* Requirement
Will you write out, word for word, every line from the one with "Man sitting cross-legged" to the final line of the data below, with the pictures left out?

* Given information
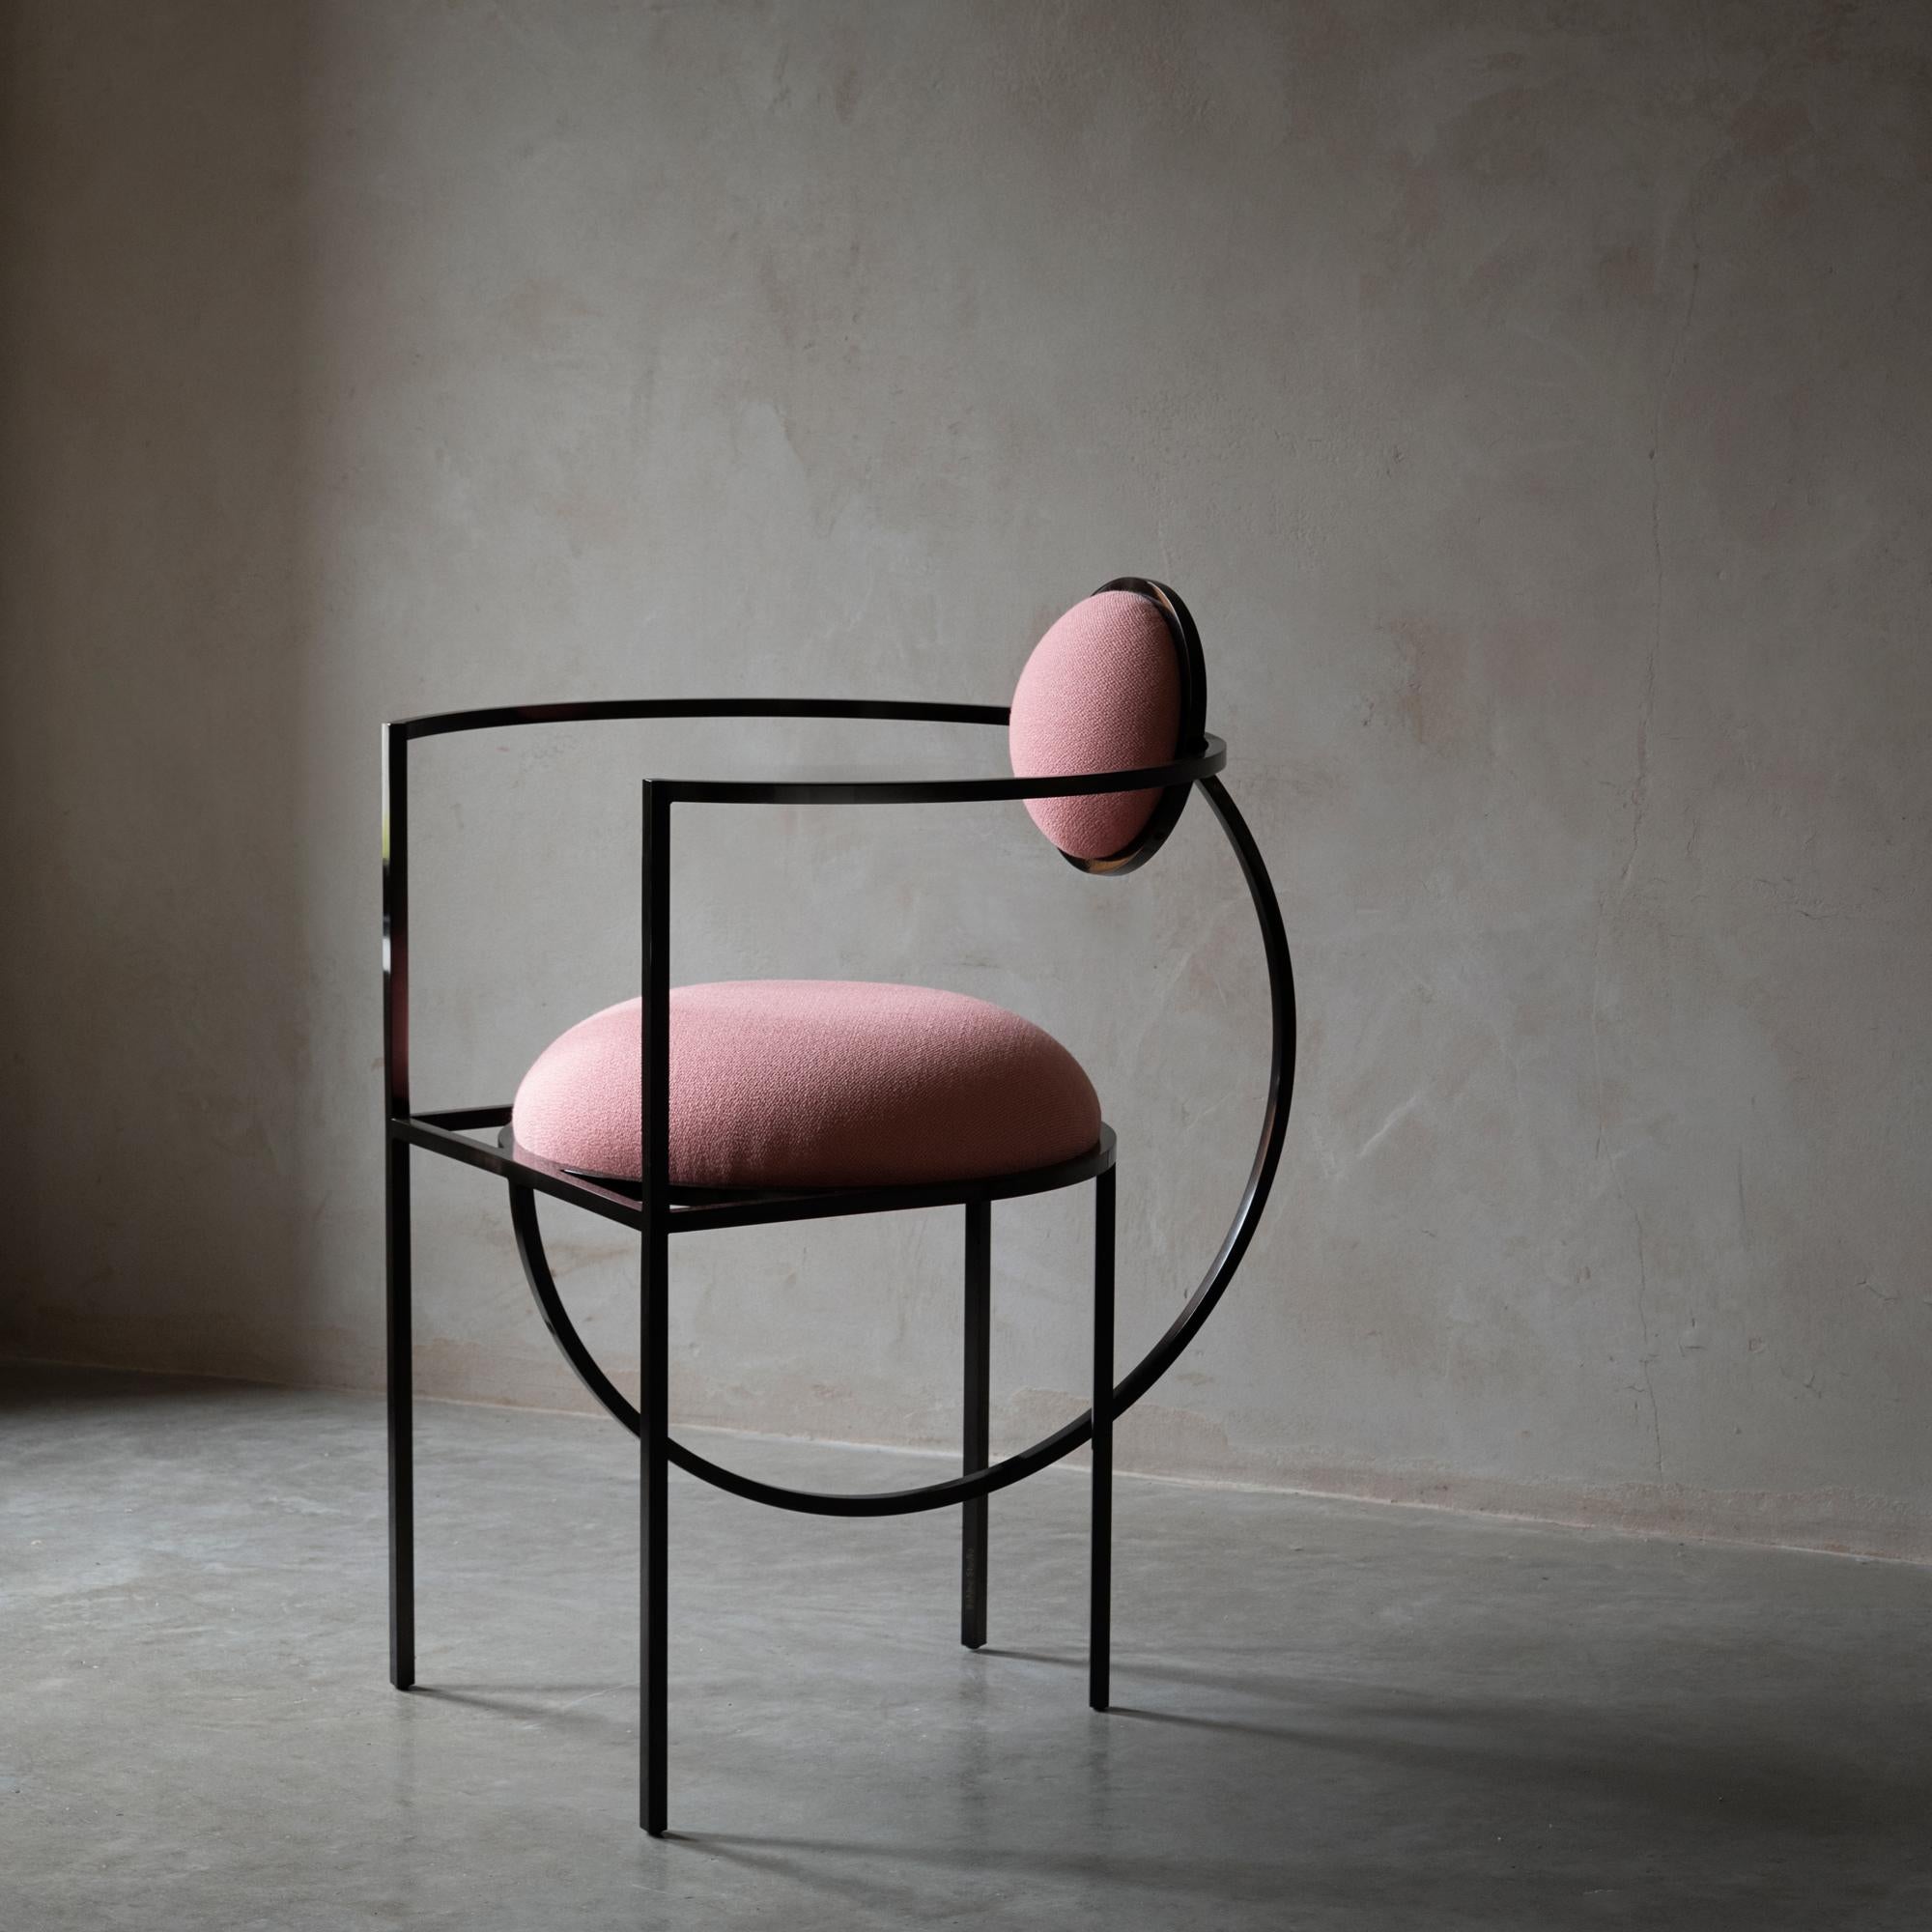 Metalwork Lunar Chair in Pink Wool Fabric and Black Steel Frame by Lara Bohinc For Sale
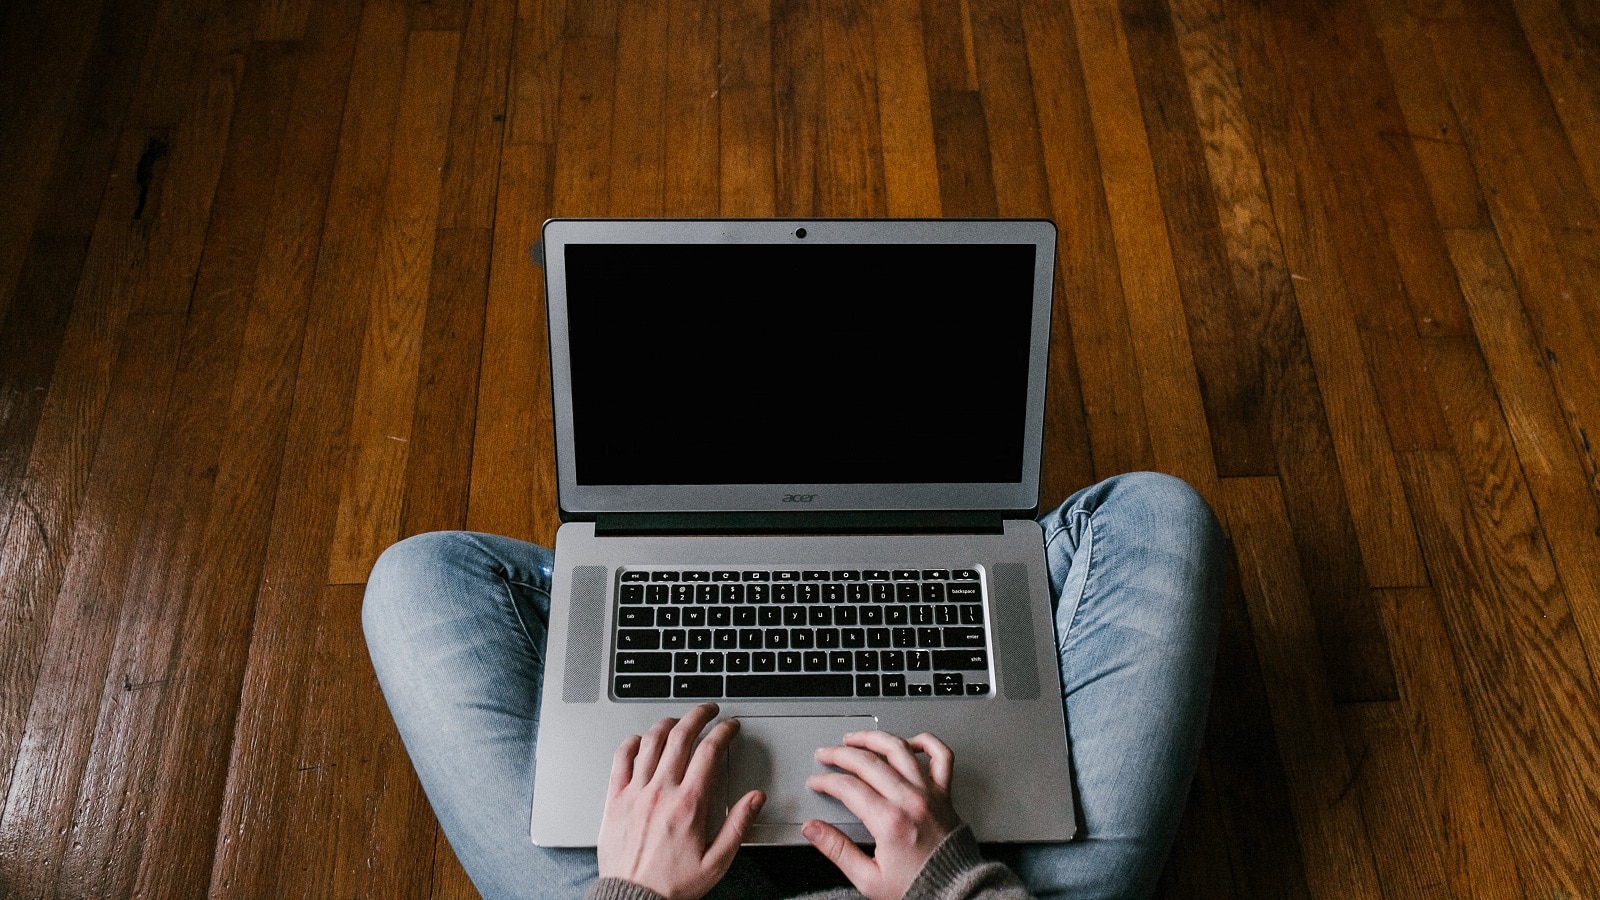 Man sitting cross-legged on hardwood floor, hands on laptop typing
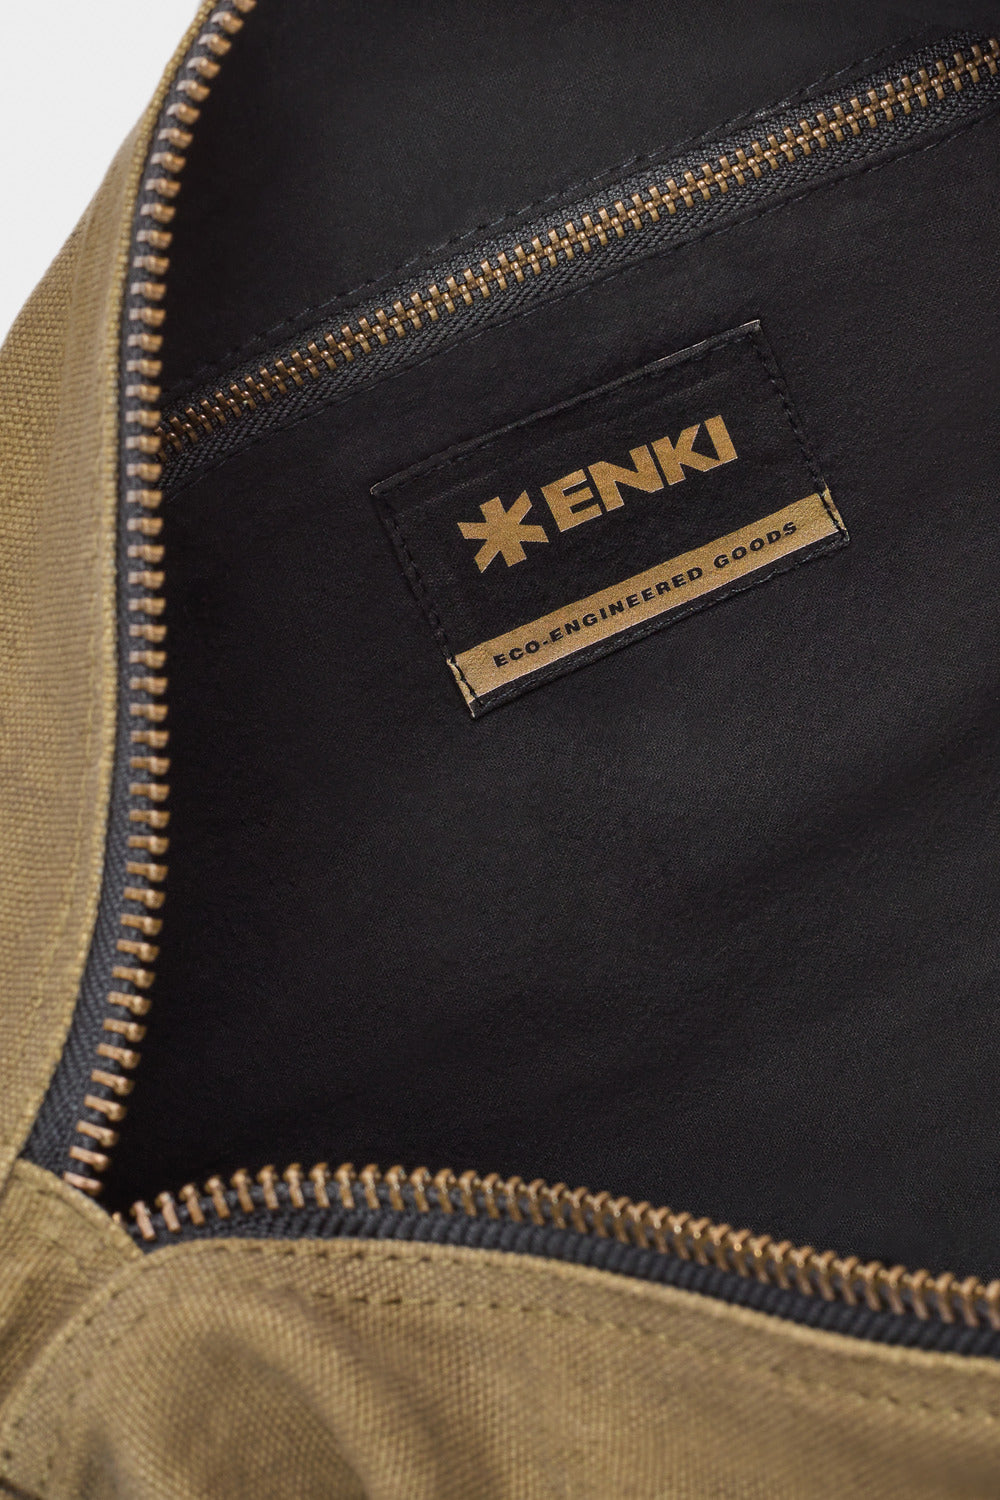 www.enkieyewear.com Enki Eco Ningizzida Men’s and Women’s Small Duffle Bag 
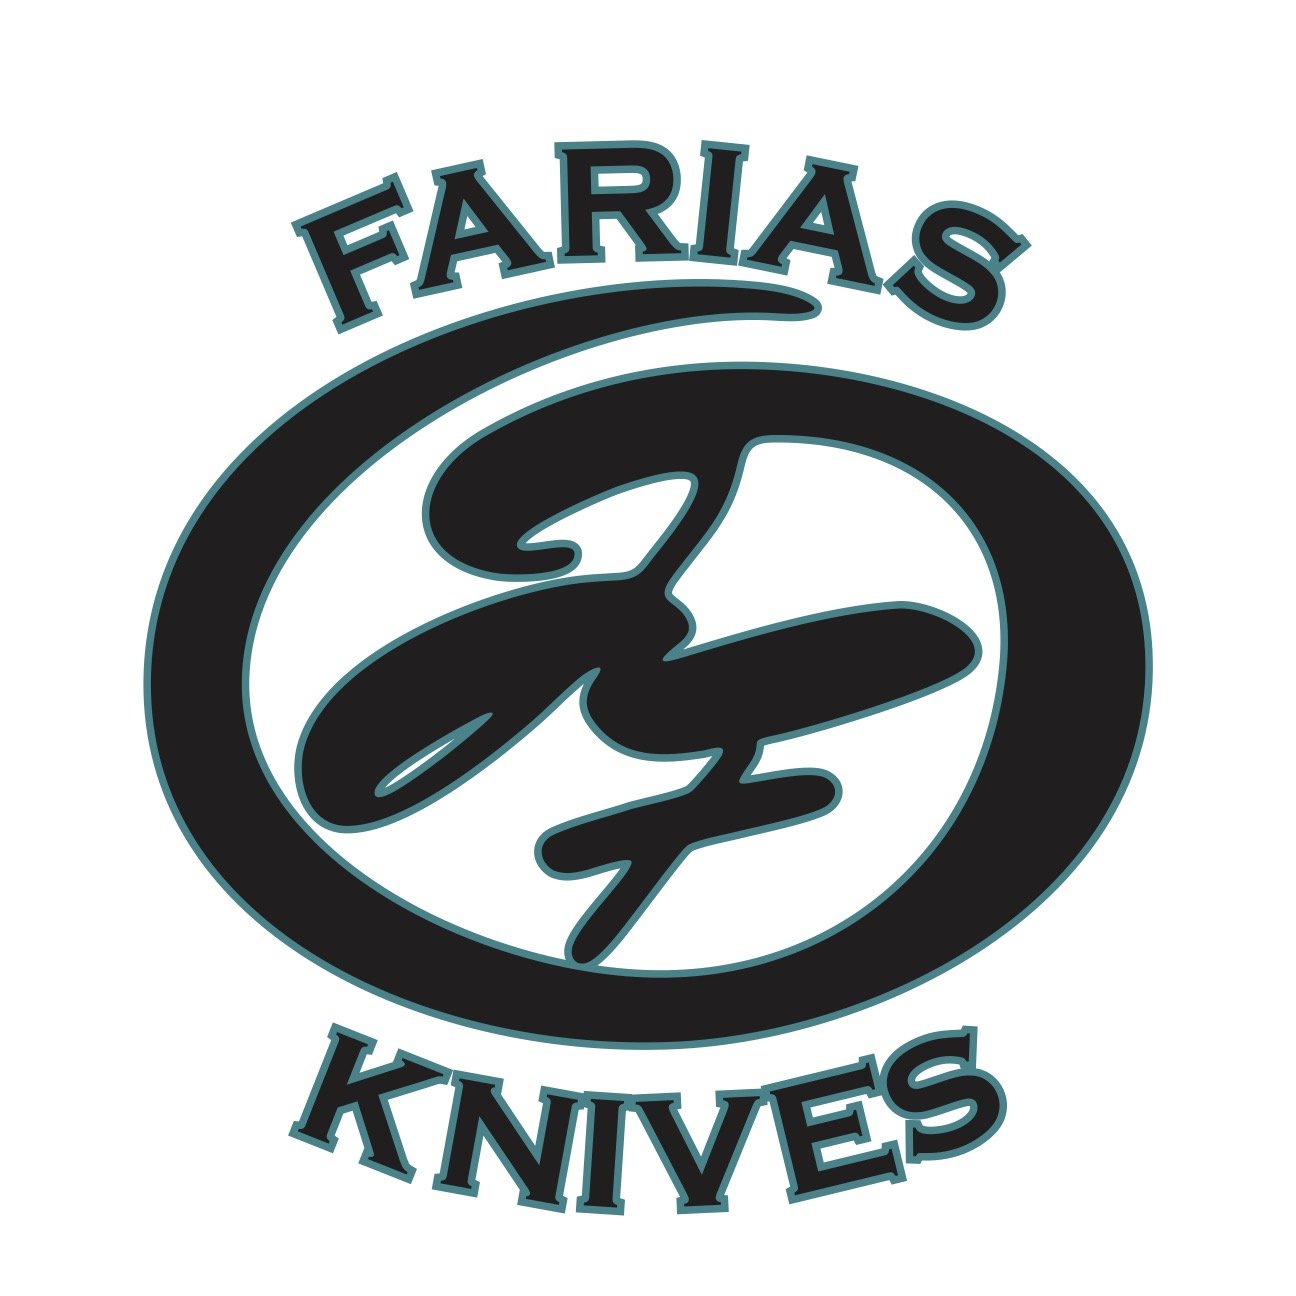 Farias Knives

* Result of this exercise
 Man sitting cross-legged on hardwood floor, hands on laptop typing
 www.enkieyewear.com Enki Eco Ningizzida Men’s and Women’s Small Duffle Bag 
 Farias Knives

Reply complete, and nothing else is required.